Where the last parameter was the folder containing all output files from FastQC

Trimming

The quality of the raw data looked okey but to remove adapters and other artifacts I run Trimmomatic with the following commands:

module load trimmomatic

java -jar $TRIMMOMATIC_HOME/trimmomatic.jar PE -trimlog rna_seq_trimLogFile HL_CS17_45.1.fastq.gz HL_CS17_45.2.fastq.gz HL_CS17_45.trimmed_1P.fastq.gz HL_CS17_45.trimmed_1U.fastq.gz HL_CS17_45.trimmed_2P.fastq.gz HL_CS17_45.trimmed_2U.fastq.gz ILLUMINACLIP:$TRIMMOMATIC_HOME/adapters/TruSeq3-PE.fa:2:30:10 LEADING:17 TRAILING:17

I put LEADING and TRAILING to 17 since that was the quality used in the paper. The ILLUMINACLIP values was set according to an example in the trimmomatic manual.

Quality check 2

After the trimming I quality checked the generated files using FastQC. I did this by creating a new .sh script and run the following commands:

module load bioinfo-tools

module load FastQC

cd git/GenomAnalysis/Scripts/

sh fastqc_HL_CS17_45.sh

The unpaired reverse strand failed to process since it was empty from the Trimmomatic run. It was therefore removed. The rest of the output files were manually checked.

Result

Figure 1: MultiQC result of given trimmed wgs data

MultiQC_wgs

Figure 2: MultiQC result of given trimmed rna_seq data

MultiQC_rna_trim

In figure 1 and 2 we can see the following:

Per Base Sequence Quality: All green show that we in average have good base call.

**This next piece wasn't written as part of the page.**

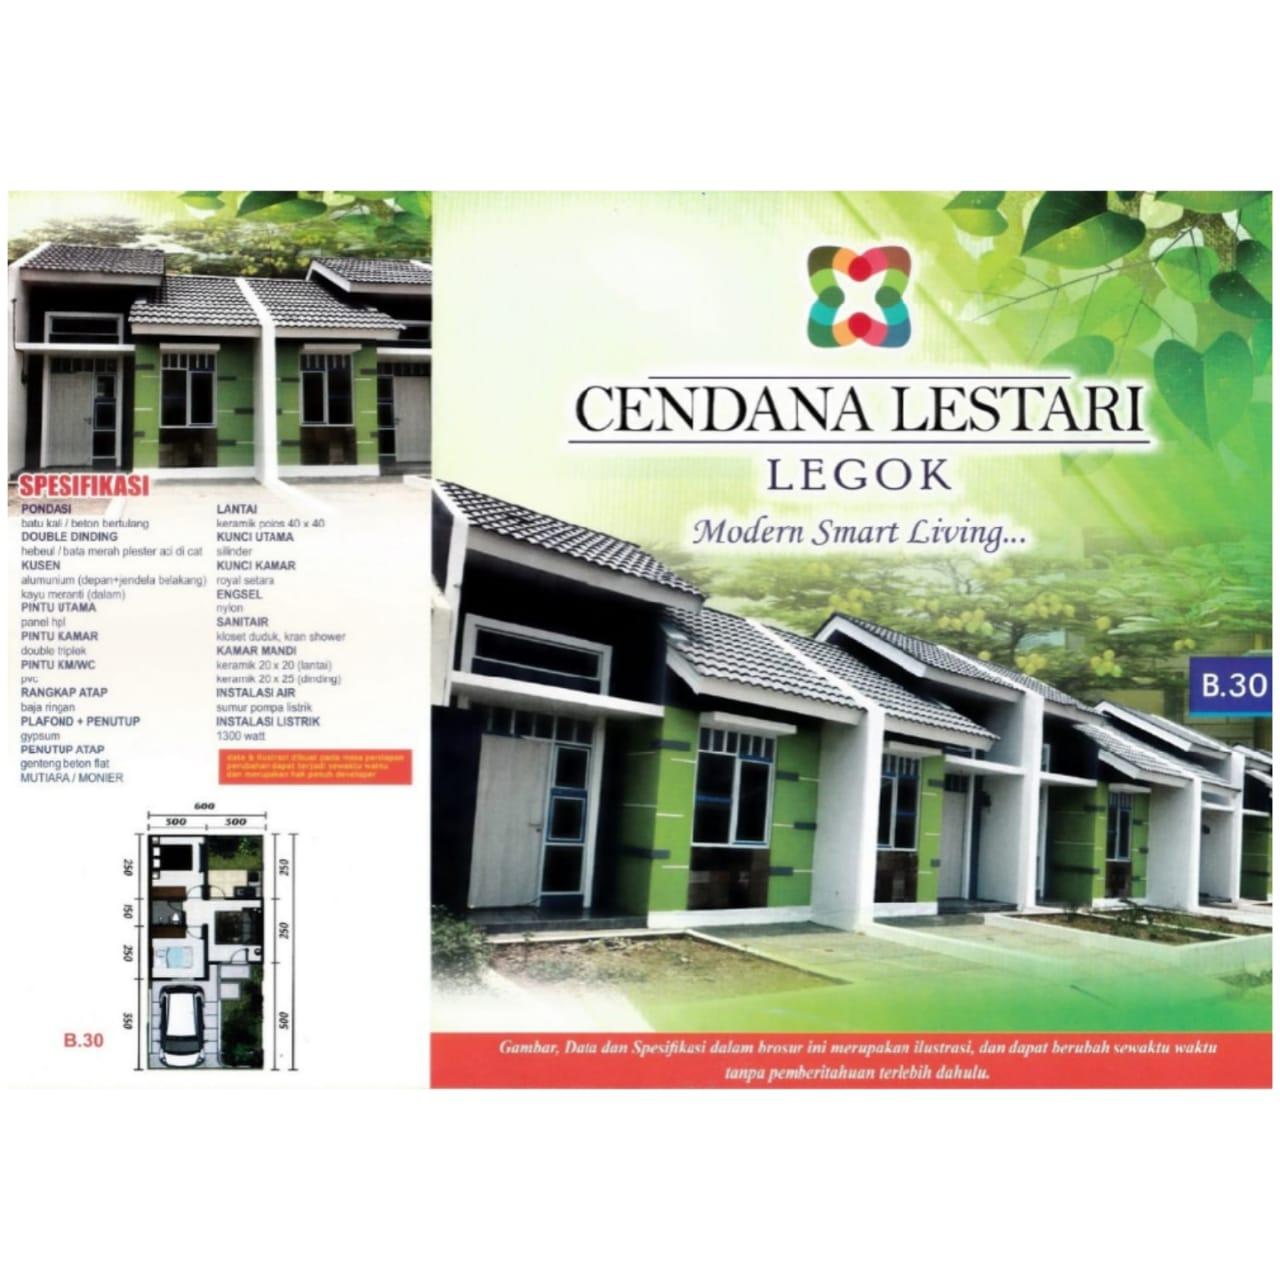 Rumah Idaman dekat Sumarecon Serpong Legok Tangerang

Per Sequence Quality Scores: All green show that no significant proportion of the sequences in a run have overall low quality.

Per Base Sequence Content: Some yellow and red flags but when manually looking at theses libraries (all data can be found here) none goes over 50% which shows that there is no highly biased position and the per base sequence content quality is not too bad.

Per Sequence GC Content: Quite many read and yellow flags which could indicate a contaminated library or some other kinds of biased subset.

Per Base N Content: All green show that the analysis pipeline was able to interpret the data well enough to make valid base calls

Sequence Length Distribution: All yellow show that there is some variation in sequence length but all lie between 95-100bp so no big difference in length.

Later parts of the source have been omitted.